Known for her warmth, authenticity, and fierce advocacy for inclusive mental health care, Dr. Erica specializes in using Adlerian Play Therapy to support youth, particularly girls and children of color, in developing courage, connection, and self-worth. She is a former two-term President of the Arizona Association for Play Therapy, a 2025 Clinician of the Year honoree, a 2024 Phoenix Titan 100 Award winner, the 2024 recipient of the Black Play Therapy Foundation’s Black Excellence in Play Therapy Award, and the author of children’s books Fernando Has Feelings and Layla Goes to Therapy. Her doctoral capstone, Creating Culturally Affirming Spaces for Girls of Color from an Adlerian Framework, reflects the through line of her career: centering Black girls and girls of color in clinical, educational, and systemic conversations about healing.

At the 2026 Black Play Therapy Symposium, Dr.
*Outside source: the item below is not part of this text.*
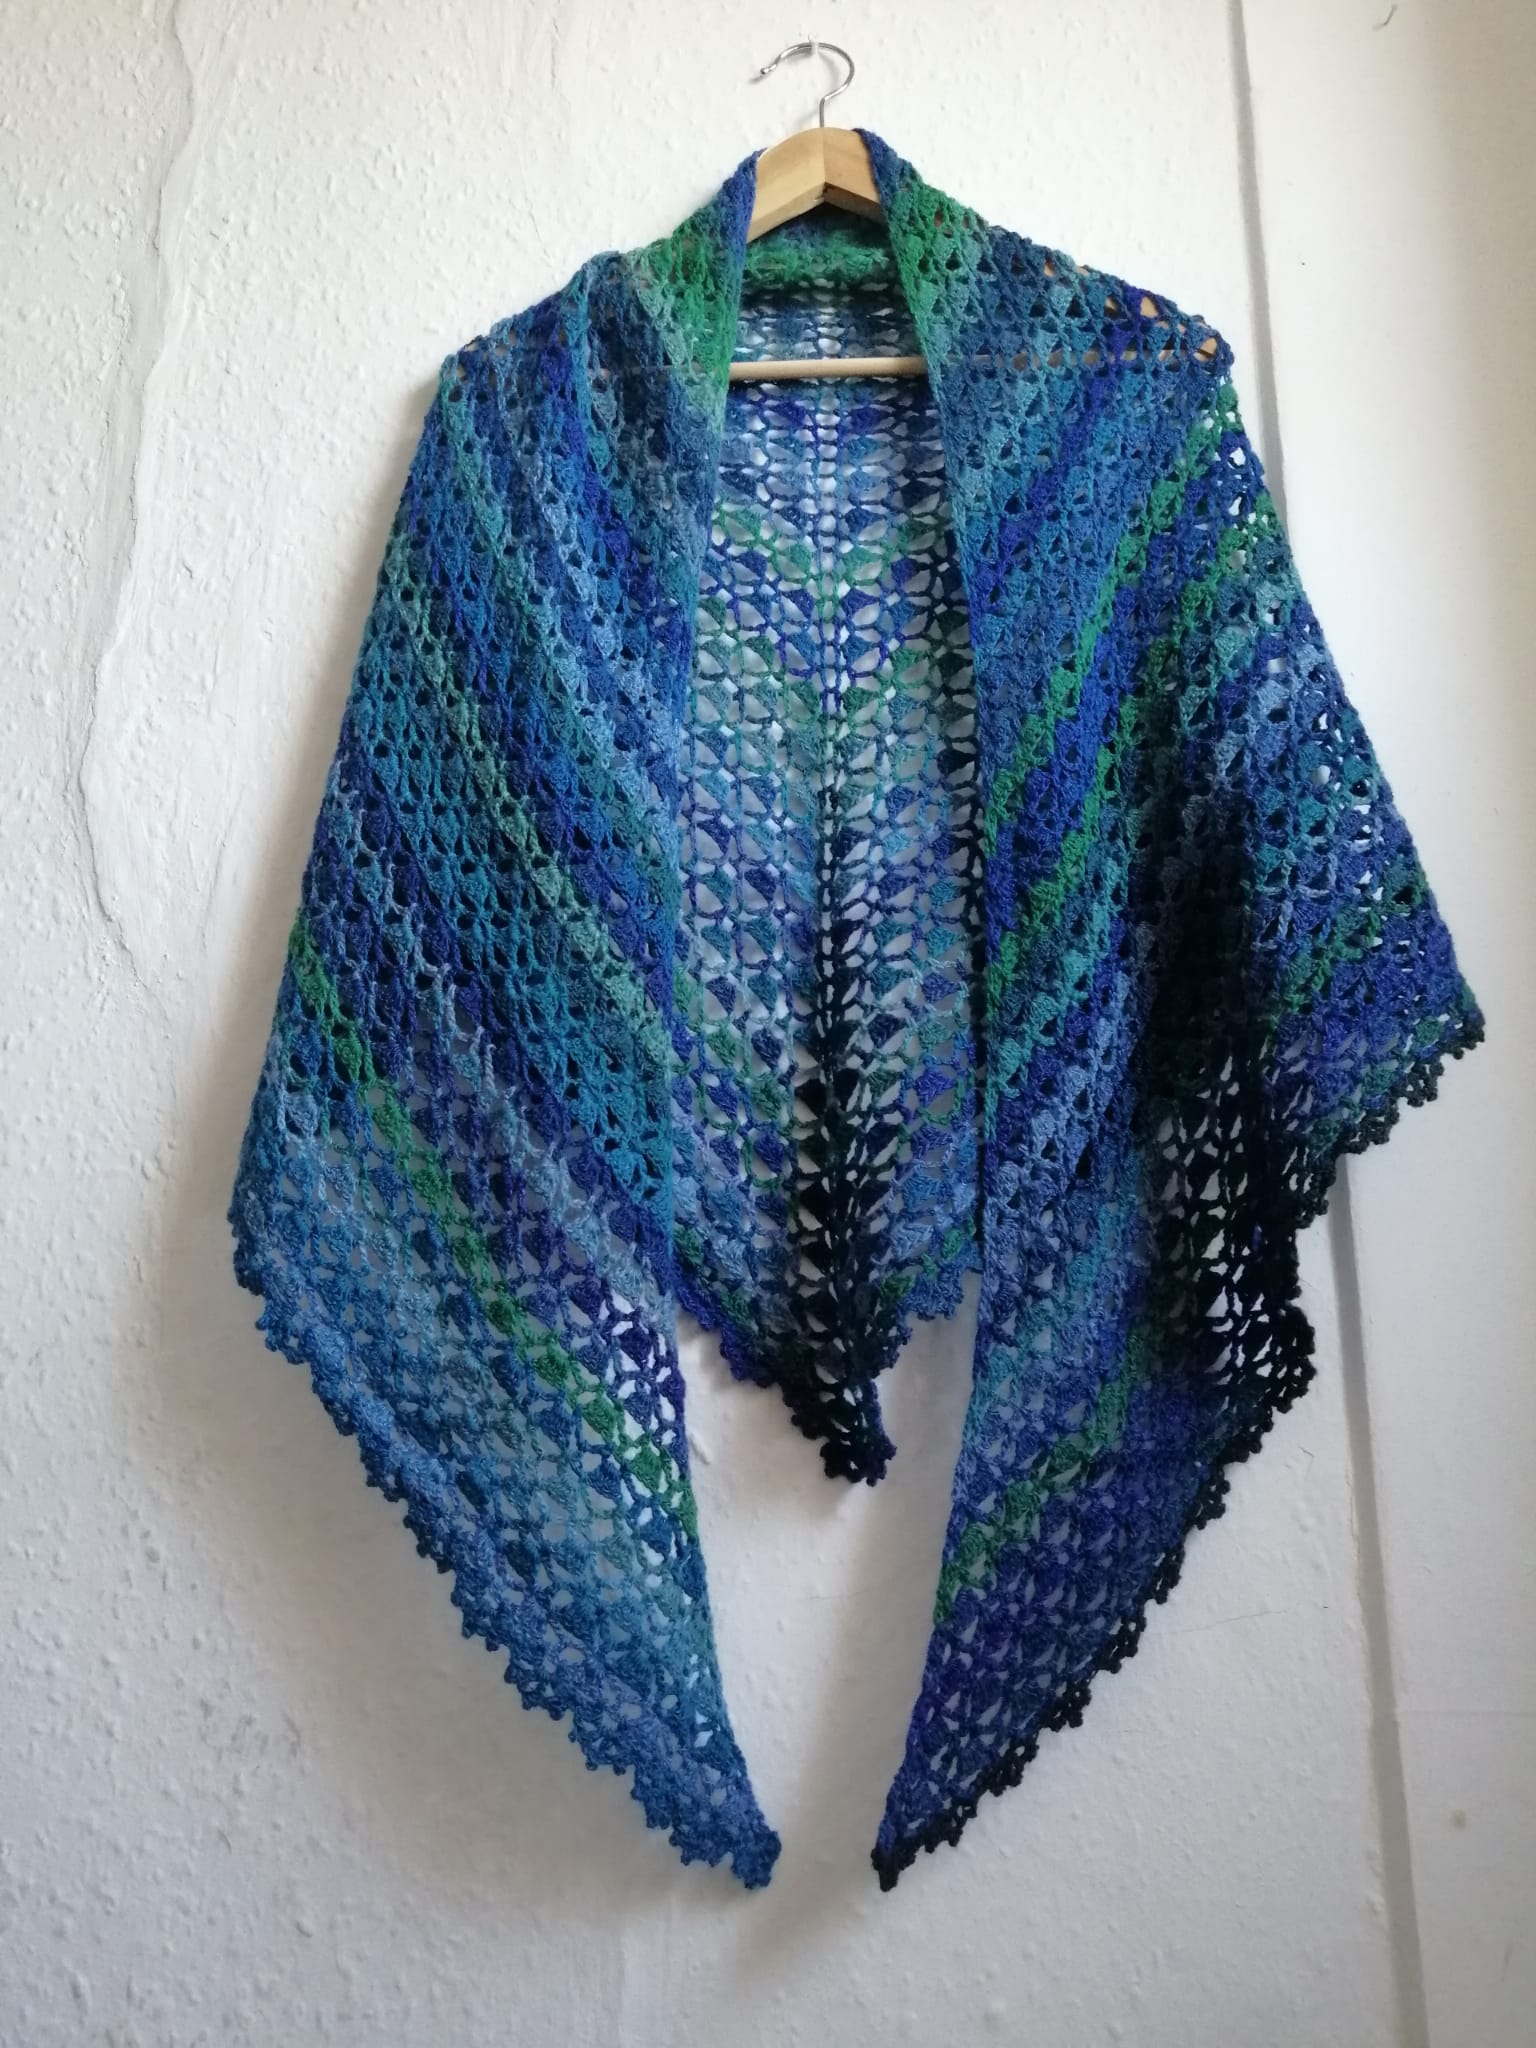 A unique, handcrafted, lacy shawl called 'Blue Geode Crochet Shawl' in blues and greens. This shawl is available for delivery in the UK.

Erica presents Reclaiming Girlhood: Play Therapy Interventions Addressing the Criminalization, Adultification, and Sexualization of Black Girls, a session that confronts the layered and compounding cognitive biases that uniquely target Black girls within educational, clinical, and justice systems. Drawing on her extensive experience facilitating empowerment groups for girls, conducting culturally responsive play therapy, and training clinicians in multicultural practice, Dr. Erica offers both a clinical framework and a call to action. Her work makes visible the ways adultification bias, hypersexualization, and criminalization rob Black girls of childhood, and demonstrates how Adlerian Play Therapy can serve as a powerful, affirming intervention that restores their sense of belonging, worthiness, and joy.